Hubo un gran defecto en Google plataforma en la nube (GCP) que podría haber permitido a los piratas informáticos operarla código malicioso La falla fue descubierta por investigadores de ciberseguridad de Tenable, quienes informaron sus hallazgos a Google. Desde entonces, la empresa abordó el problema y cerró la laguna jurídica.
De acuerdo a presione soltar Compartido con Tecnología Radar Pro A principios de esta semana, los investigadores de Tenable descubrieron lo que se conoce como una vulnerabilidad de “confusión de dependencia”, a la que denominaron CloudImposer.
Dijeron que la falla podría haber permitido a los actores de amenazas ejecutar código en “millones de servidores de GCP y sus sistemas cliente”. Se dice que App Engine, Cloud Function y Cloud Composer son los más afectados por esta vulnerabilidad.
El radio de la explosión es “enorme”.
La falla se encontró en el proceso de instalación de la dependencia Composer de GCP, que permitía a los atacantes cargar un paquete malicioso en PyPI, que luego se preinstalaría en todas las instancias de Composer, con permisos elevados.

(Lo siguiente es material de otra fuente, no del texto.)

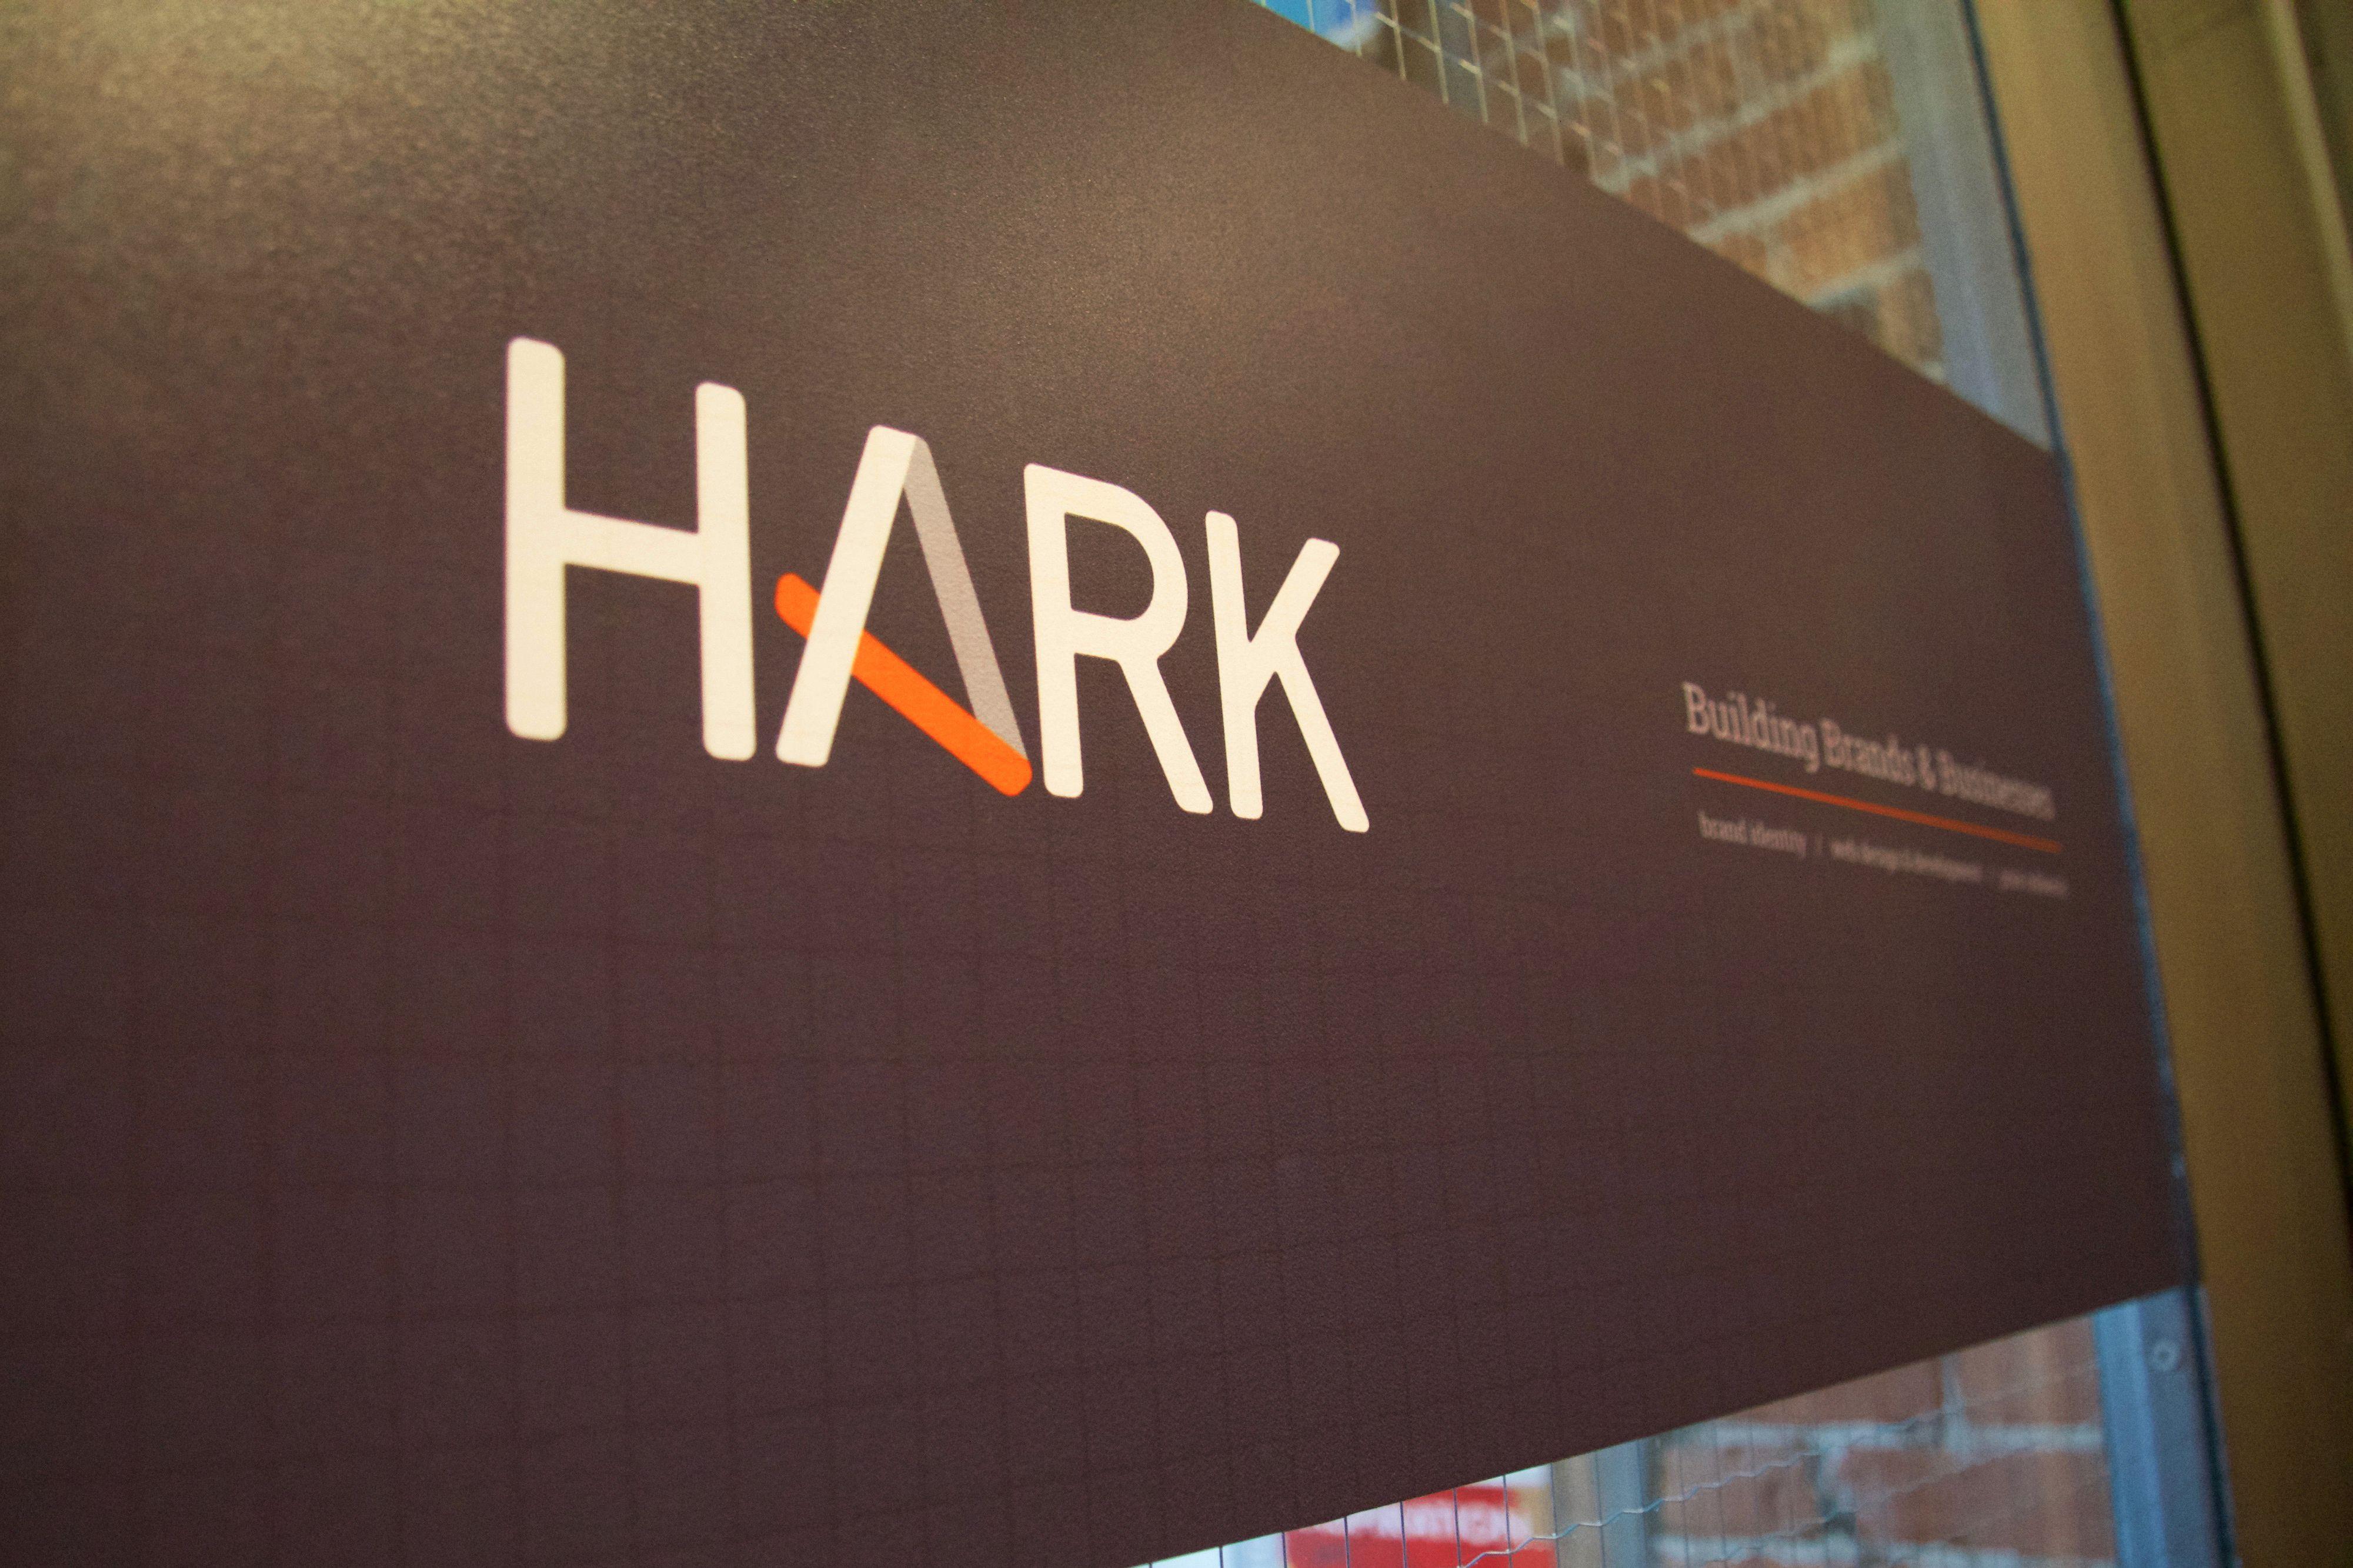 Pin By Hark On Hark Burlington Vt Office Web Design Digital Marketing Website Design

Como resultado, los actores maliciosos pueden ejecutar código de forma remota, filtrar credenciales de cuentas de servicio y moverse horizontalmente a otros servicios de GCP.

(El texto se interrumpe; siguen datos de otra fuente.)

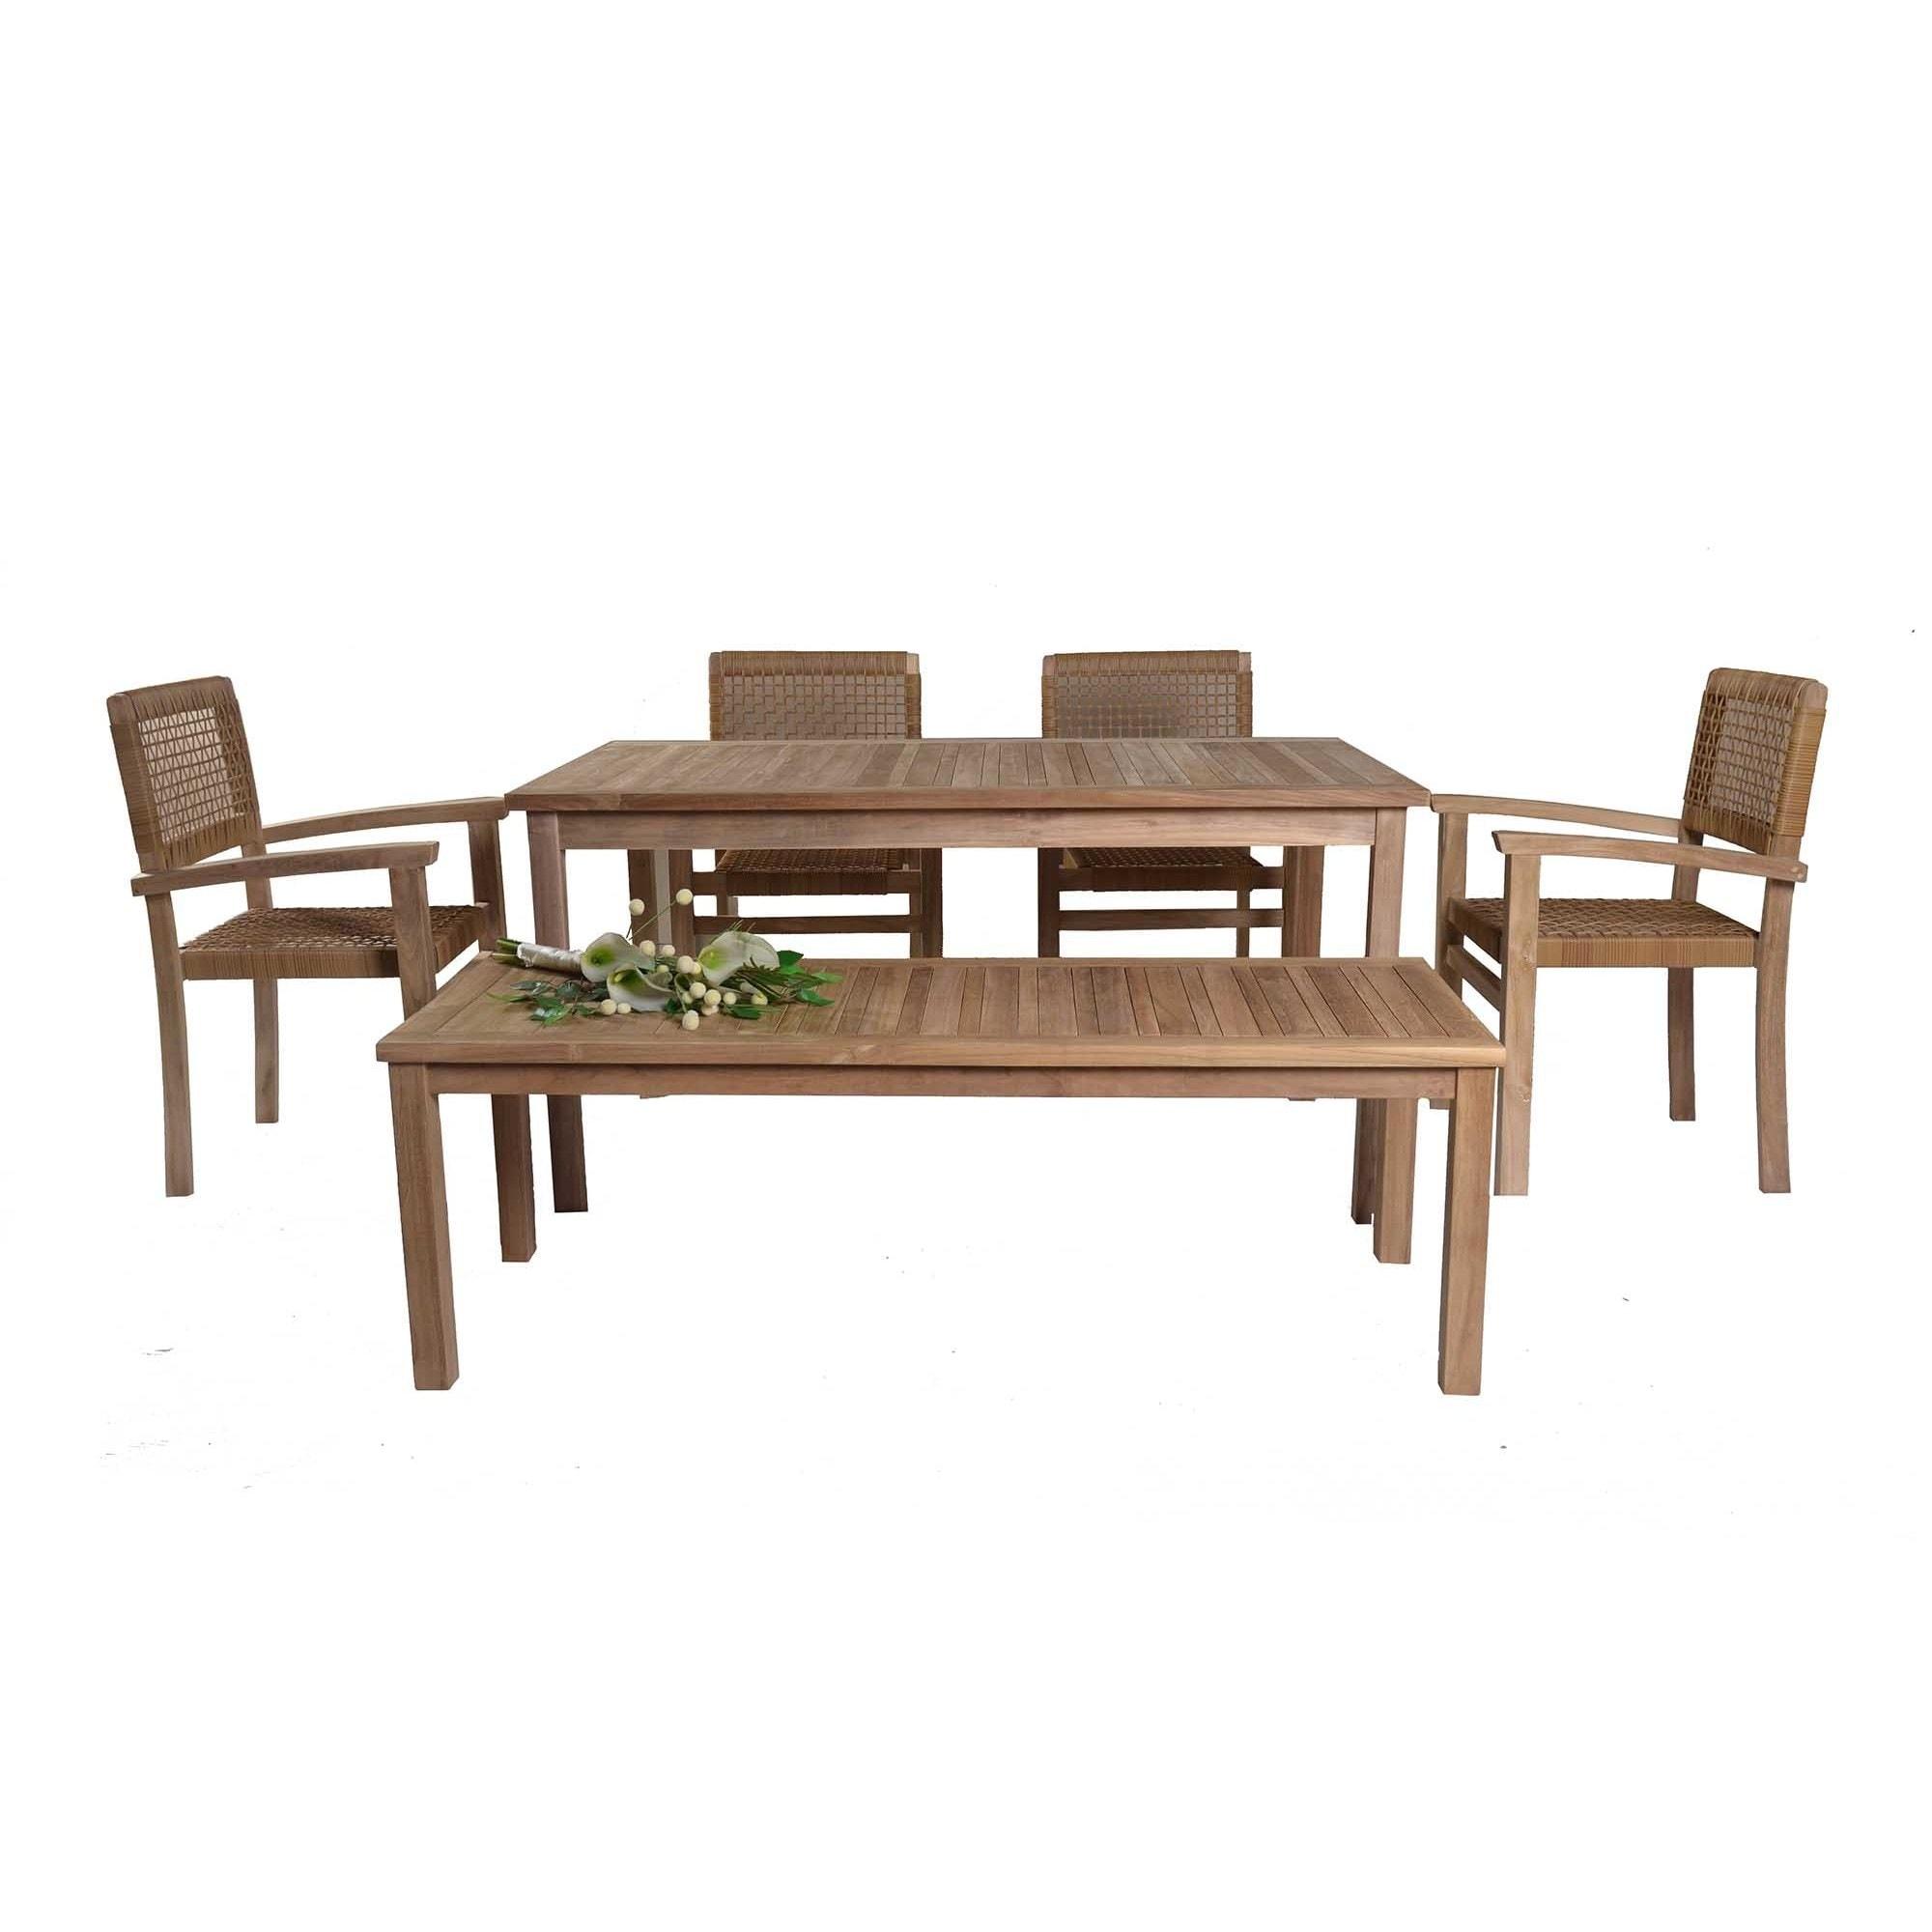 SunJoy Cebu Dining Set, Brown, Size 6-Piece Sets, Patio F...

Tenable dijo que sus investigadores descubrieron la falla mientras realizaban un análisis en profundidad de documentos tanto de GCP como de Python Software Foundation. La vulnerabilidad podría haber provocado ataques a la cadena de suministro. nubes Lo cual, dijeron, podría ser “significativamente más dañino” que en los entornos locales. Debido a que un solo paquete malicioso puede propagarse rápidamente a través de múltiples redes, millones de personas podrían estar en riesgo.
“El alcance de la explosión causada por CloudImposer es enorme”, comentó Liv Matan, ingeniera principal de investigación de Tenable. “Al descubrir y revelar esta vulnerabilidad, cerramos una puerta clave que podría haber sido explotada por atacantes a escala”.
Tenable también aprovechó para criticar a Google por su “asombrosa falta de concienciación y de medidas preventivas” contra lo que describió como “una técnica de ataque que se conoce desde hace años”.